After three seconds of mutual shock and silence, Conte motions him in. Offers coffee. Martello refuses. At the kitchen table, Conte, “I called last night because I’m in an extreme place.”

“Eliot. Your face.”

Conte explains, Martello replies, “You wish to hurt yourself?”

Conte digs into his cuticles, drawing blood, a compulsion since his teenage years, “The end of my rope, Mark.”

“Yes. You are. Reason I came so early, I’m due at the Center at 8:00 for a press conference. Network feed, Eliot. I’m asleep on my feet and afraid.”

“You don’t look good yourself, Mark.”

“Never mind me. I don’t know if I can help you. I don’t know if you can help yourself. The prayer of Saint Francis that’s always quoted at meetings? Read it, memorize it. Better to comfort than to be comforted. Think about it. It works in hopeless situations. Like yours—and mine.”

“Can I make you some breakfast, Mark?”

“Good. That’s the idea. Very good. Thanks, but no. Have you tried comforting others lately? I mean, aside from offering me breakfast?”

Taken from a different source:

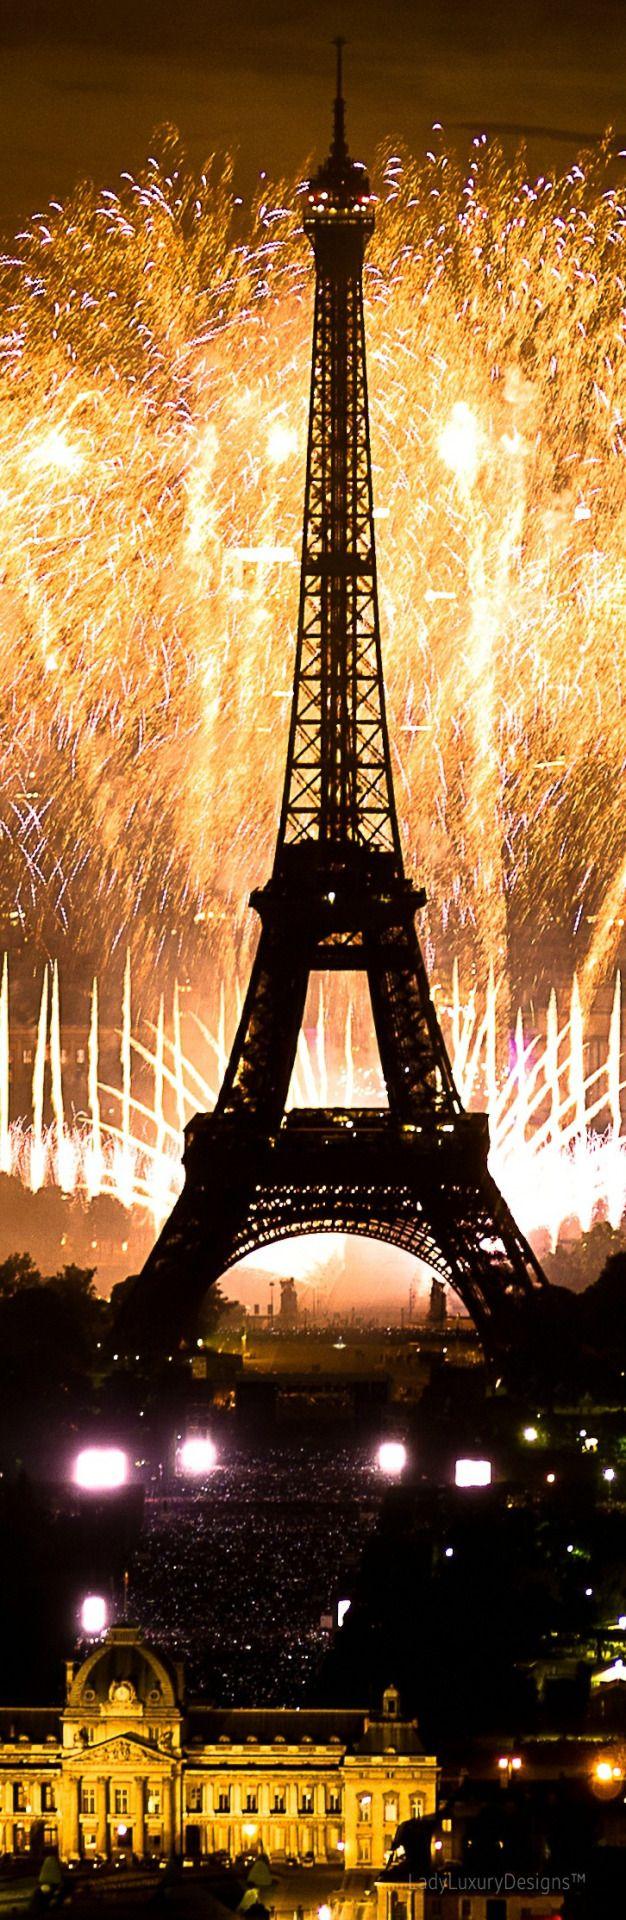 Eiffel Tower bastille day - LadyLuxuryDesigns
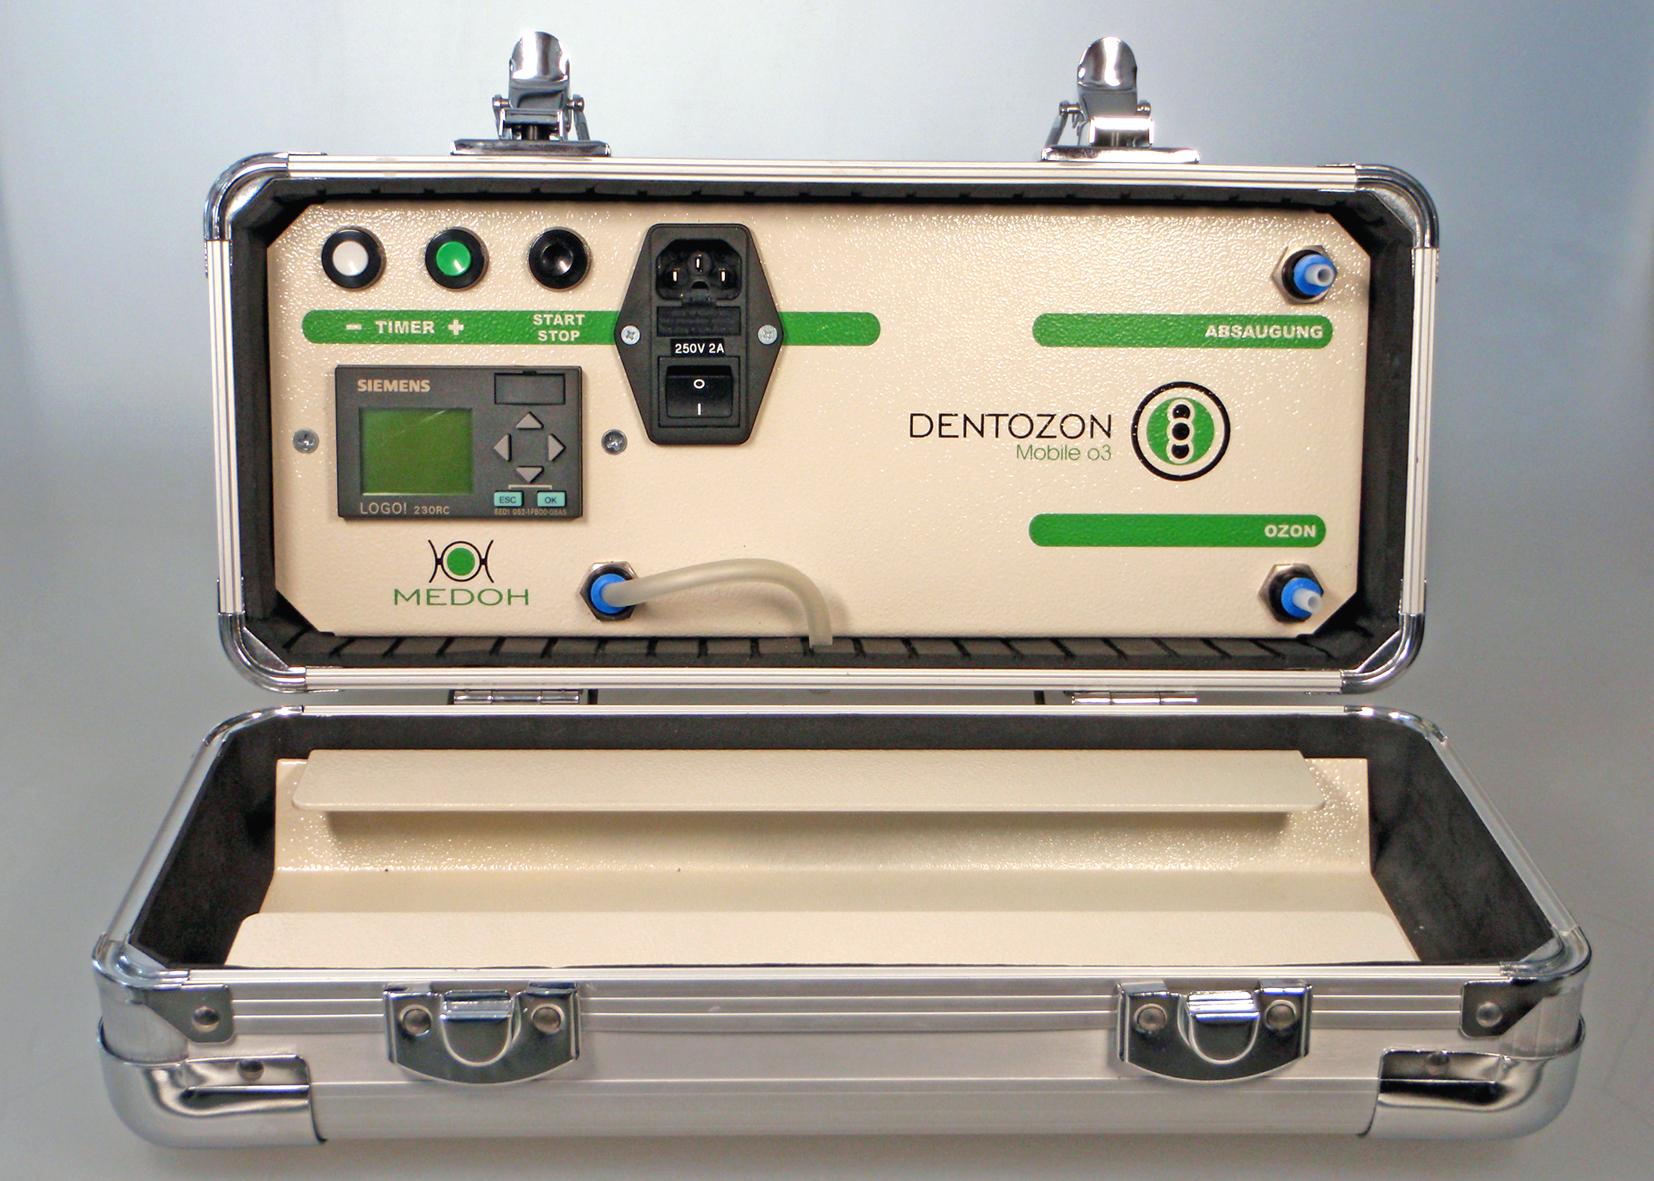 Dentozon mobile 03,Ozonanwendung in der Ozontherapie chitodent-vertrieb.de

Conte thinks he’s comforted Catherine, though usually
it’s the other way around. For some reason, he doesn’t think of his long nurturing relationship with Angel Moreno and Angel’s parents. He replies, “Yes, I’m giving comfort to Nikki Ryan,” and when Martello says, “Who?” Conte explains.

“Are you serious? Saint Francis is appalled. Do you really intend to do violence? Or you’re just going to scare him verbally? Right? Tell me the latter.”

“The verbal method doesn’t work with men who physically abuse women.”

“Therefore?”

“Therefore.”

“And you called last night because—”

“Nikki Ryan is in trouble and I’m going to help her. Why do you speak of Saint Francis in the present tense as if he—”

“You called last night because
you
are in trouble. Kyle says you were talking crazy. Have you done violence in the past?”

“Yes.”

(Pause.)

“This must end. You can’t do it tonight for this girl’s sake, or for anyone’s sake. Ever. Advise her to see your friends in the police who—”

“When they get around to it, next year, they talk to the guy, who if he hasn’t already damaged her will take it out on her. That’s how law enforcement works.”

“Vigilante justice? You’ve done that before?”

“Yes. But never to nice people.”

“I can’t help you—you need a priest, a shrink. Both. You pervert Saint Francis. Okay. Okay.” (Pause.) “You once told me that the only one of the twelve steps that made any sense was step 9, which doesn’t require you to say God, but requires
you to make amends. But we have to take the steps in order. You can’t just jump to step 9. You need full preparation, but maybe in your case—maybe we have to be unorthodox in order to save the drunk and those he does violence to. You’re not afraid to take the full consequences of your past acts of violence? Responsibility for the well-being of those you’ve hurt? And make amends to these victims? Is that right?”

“I love the beautiful spirit of step 9, but I can’t do it. Because I’m not willing to bring serious harm to myself. One of those I’ve hurt is anyway permanently beyond my amends.”

“This person has passed away?”

“That’s one way of putting it.”

“Are you implying?”

“Yes.”

“You killed somebody?”

“Not exactly.”

“Not
exactly
?! Ask God to intervene even though you don’t believe. Pray to God in the face of your atheism.”

“I don’t know how to pray.”

“Nobody does. Trying is good enough.”

“Trying is good enough, Mark? That true? Our Father who art not in heaven, hollow be thy name.”

“Stop with the fucking wordplay, Eliot. Prayer is the failed, but sincere, attempt to pray.”